Year 4, Month 4, Day 16: What About Appliance Repair?

The Bozeman Daily Chronicle (MT) describes an interlude of career counseling:

Climate change will affect much of the future, so young people might do well to turn the results into opportunity.

That was the message Nobel Laureate Steve Running gave to the more than 150 students and Bozeman residents that almost filled Reynolds Hall at Montana State University.

Running has lectured at MSU six or seven times in the past five years on climate change, so he said a better topic for this appearance would be how students can take advantage of the global change that is already occurring.

Running couldn’t help but reprise some of the work that he and other climate scientists continue to produce, showing how a continuing increase in the amount of atmospheric carbon dioxide corresponds with a warming climate and an increasing number of annual weather disasters.

High-school guidance counselors unite! April 3:

At first glance, the notion that global heating will open a plethora of new jobs seems fairly obvious.

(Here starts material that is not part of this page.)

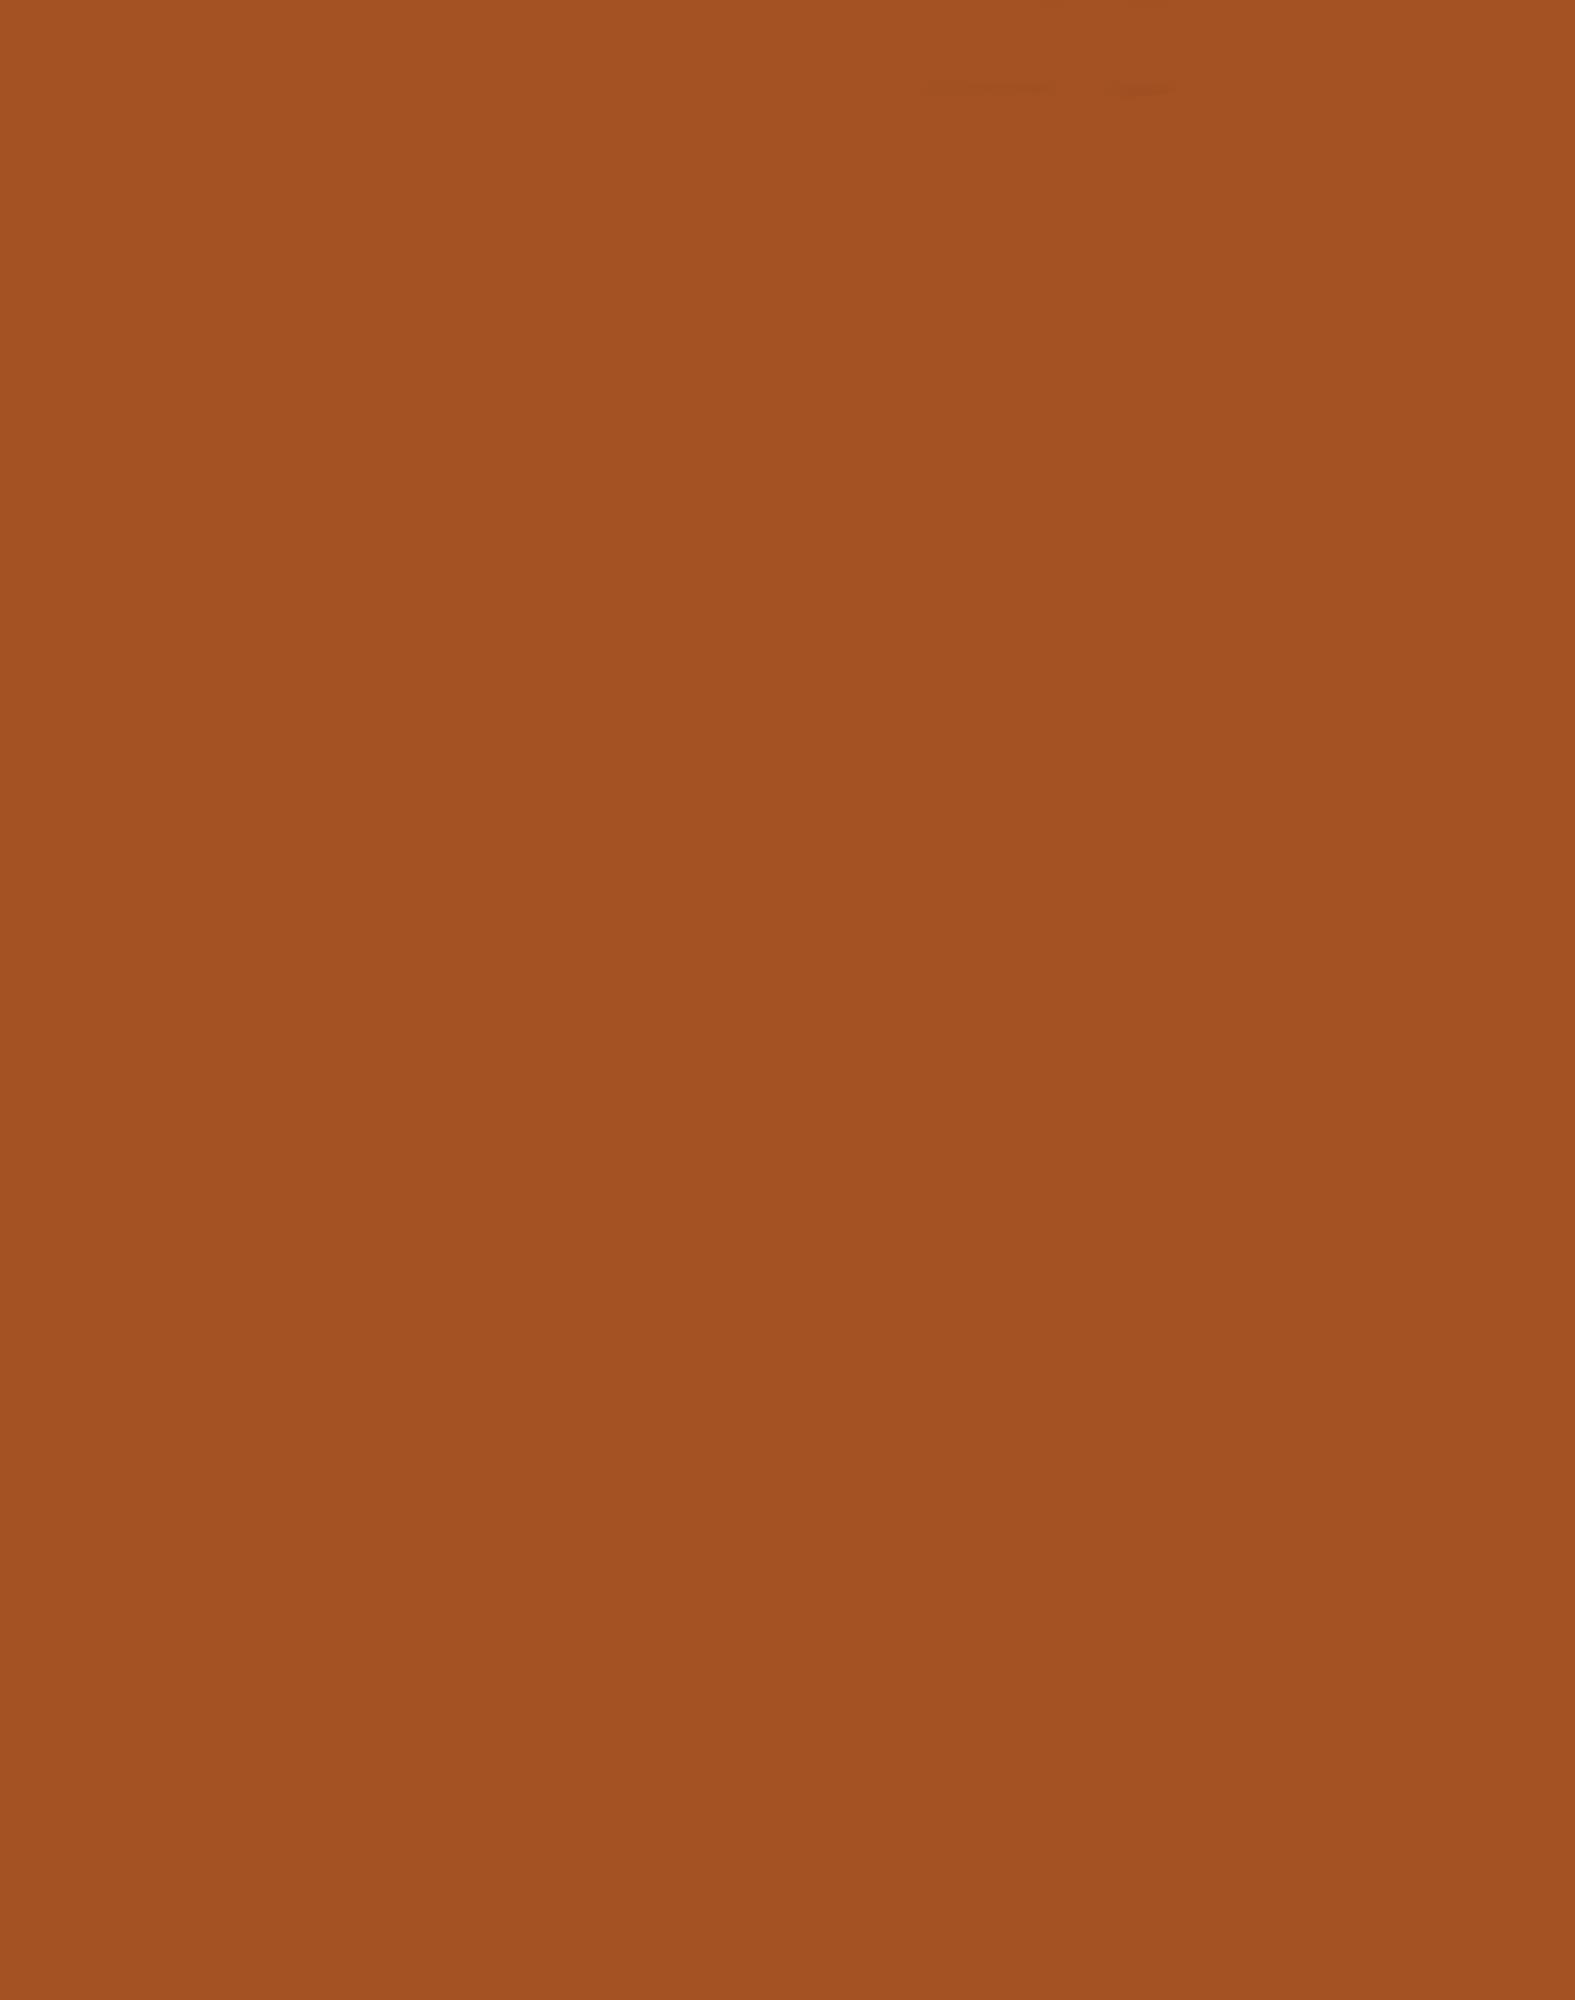 (Woodcare) Country Cedar 164,82,35

Whether it’s renewable energy technology, sustainable agriculture, the developing field of carbon sequestration, or a host of other vocations, there’s no doubt that a transformed climate will have impacts on employment everywhere throughout America and the world, which makes advice like that of climatologist Steve Running very important.

But there is a necessary caveat. A stable climate is the stage upon which our civilizational drama unfolds, and the notion that our economy will remain stable and absorb its consequences is just that: a notion. Far more likely in the years to come is the kind of systemic collapse which will render all our economic preconceptions outdated and irrelevant.

Young people of course need to consider their futures — but a metastasizing greenhouse effect is a planetary disaster, not a career opportunity.